With the capacitor missing you should only see slightly less than 1/2 of the sign wave. (just what you have)

The transistor can not amplify the input signal that is below ground. (in this case below +0.6 volts) There is a reason for the capacitor. Put it back in.
 
The type of transistor is not the problem.
The transistor can not amplify a signal below ground. The capacitor is there to block the DC and move the signal up in voltage to a range where the amplifier can work.

I don't like the value of R3 (25k). I think you should put the capacitor back and change R3 to 5k.
 
Most likely the model is either incompatible with LTSpice or just wrong...I don't know.

Anyways, before modelling a circuit, any circuit, one must do first a pencil and paper anlysis.
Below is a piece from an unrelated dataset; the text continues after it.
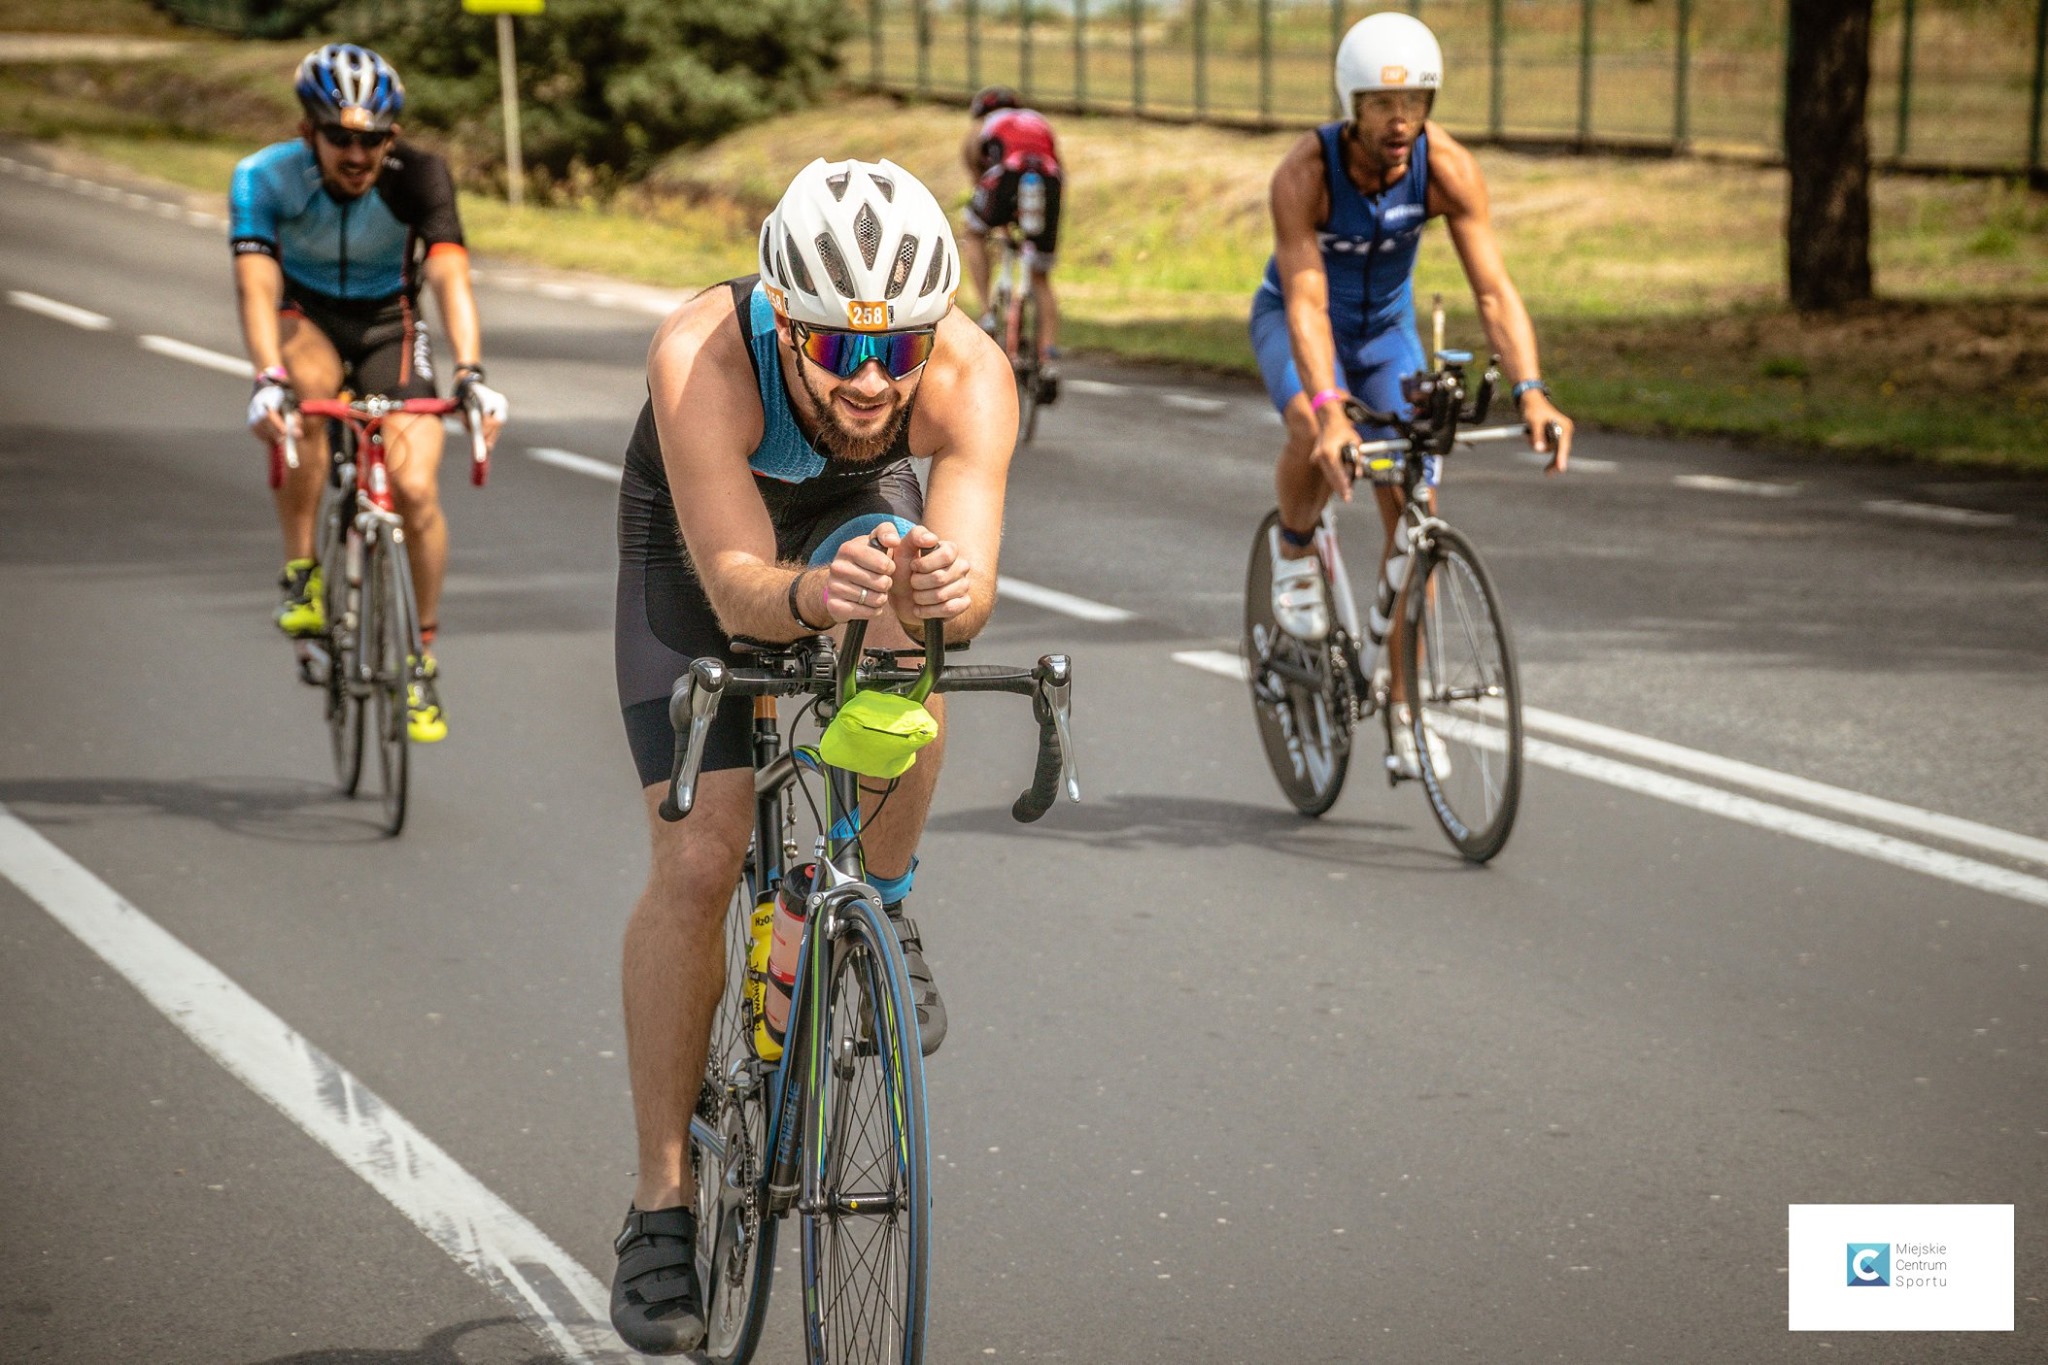 Zawodnicy mieli do przejechania na rowerach 90, 45 lub 22,4 km - w zależności od dystansu

What are the transistor's DC Quiescent points? Vcq, Veq, Iceq must be roughly calculated.
From where and to where does the current flow? What sort of voltages will be developed across the resistances the current flows thru?

Now you add a load, AC decoupled with a capacitor... how does the new AC loadline appears? After one is satisfied with aproximate values, one will then simulate the circuit.
Finally, breadboard a unit and actually tweak it further.
 
Most likely the model is either incompatible with LTSpice or just wrong...I don't know.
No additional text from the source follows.